Sheila Weeler's book on the "girls" needs a bouncing ball to keep track of where she is, and which "girl" is doing what with which boy (often men were serialized through the gambit of the "girls.")

Loosely chronologically organized by "girl"- e.g. a beginning chapter on each, then "Carole: 1961 - 1964," "Joni: 1961 - Early 1965," Carly 1961 - Late 1965," then Coming Around Again to "Carole: 1964 - Early 1969," "Joni: March 1965 - December 1967," Carly 1965 - 1969" etc.etc., the book chronicles the saga of these singer/songwriters in the context of the times - sometimes to great length - almost ad nauseum, and sometimes to short shrift. Weller is at her worst when she pretends to be a music critic and starts opining her own (often odd) meaning to the now-interwoven-tapestry-of-our-own-lives words "the girls" wrote and sang.

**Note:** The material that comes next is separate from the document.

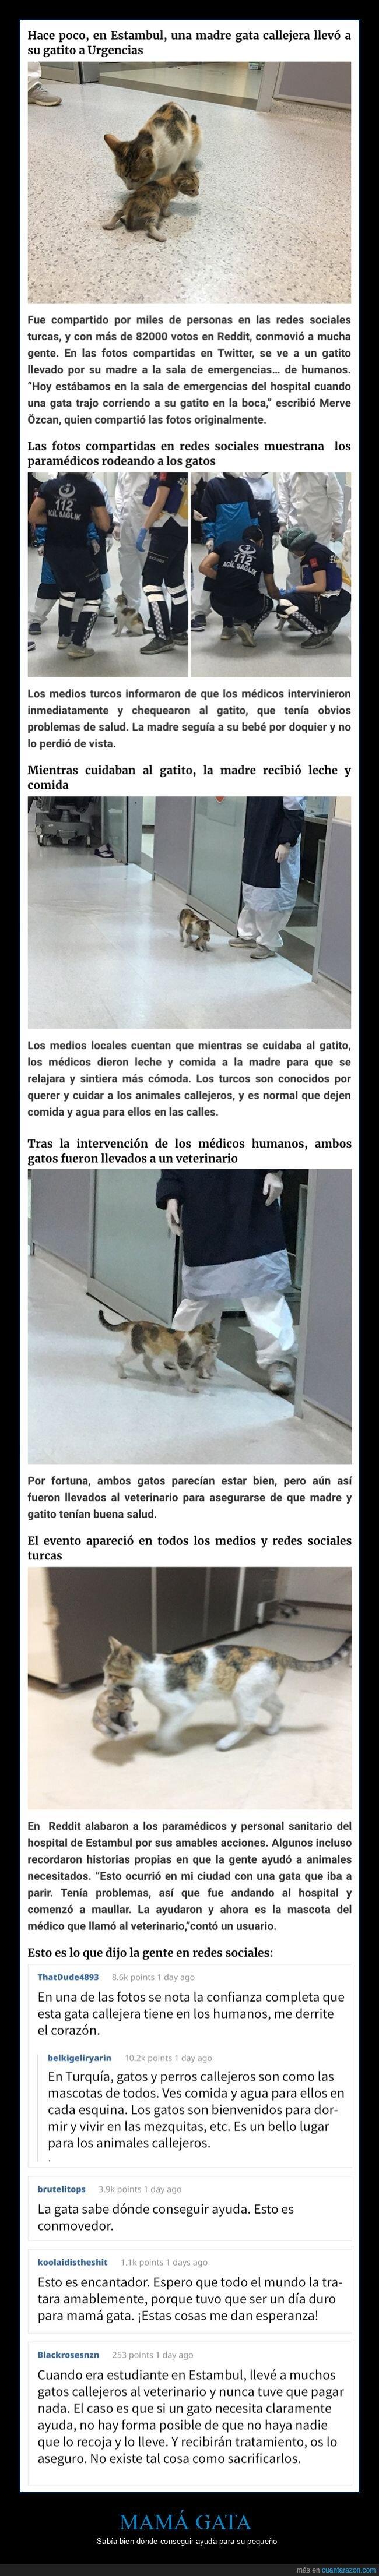 ayuda,gata,hijo,hospital,padre
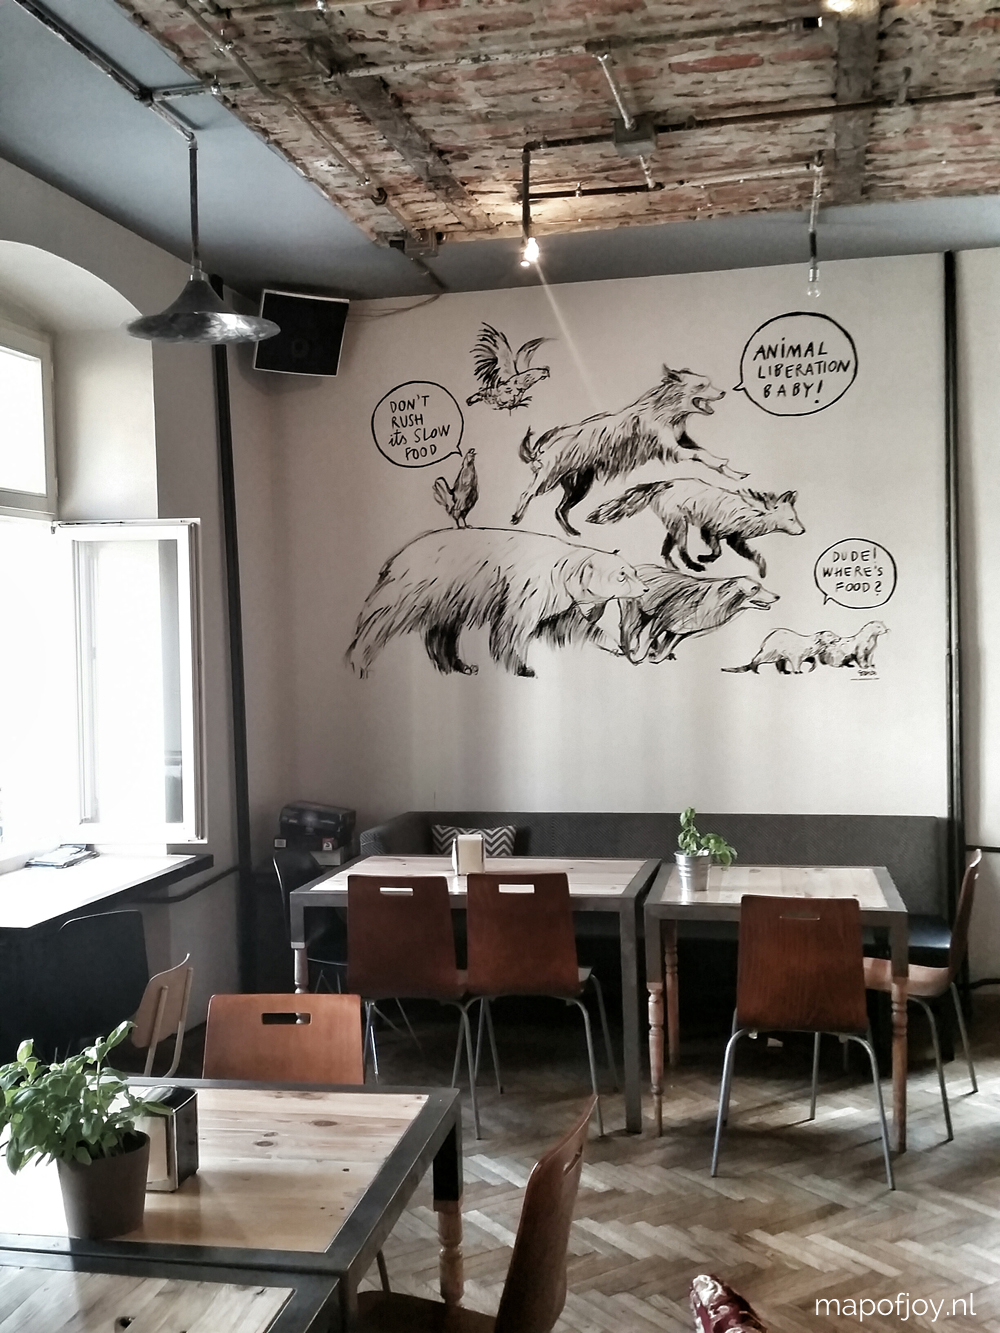 8x food hotspot Vega in Wroclaw, Poland - Map of Joy

Over-all the book is informative, sometimes to too-oft repeated choruses due to Weller's "organization*" of the material, and sometimes downright mystifying - as when the reader is told that James Taylor thought Carly was messin' around with Mick because of Jagger's guest appearance "adding his unmistakable cracking voice" on the "Don't you? Don't you?"s in the recording of *You're So Vain.* This reviewer has gone back and relistened to YSV repeatedly, & I can't find Mick! Maybe because my Momma was right and listening to all that loud music really *DID* ruin my hearing?
;-) /TundraVision, Amazon Reviewer

* There is no bouncing ball, but there is a poorly organized index in the back.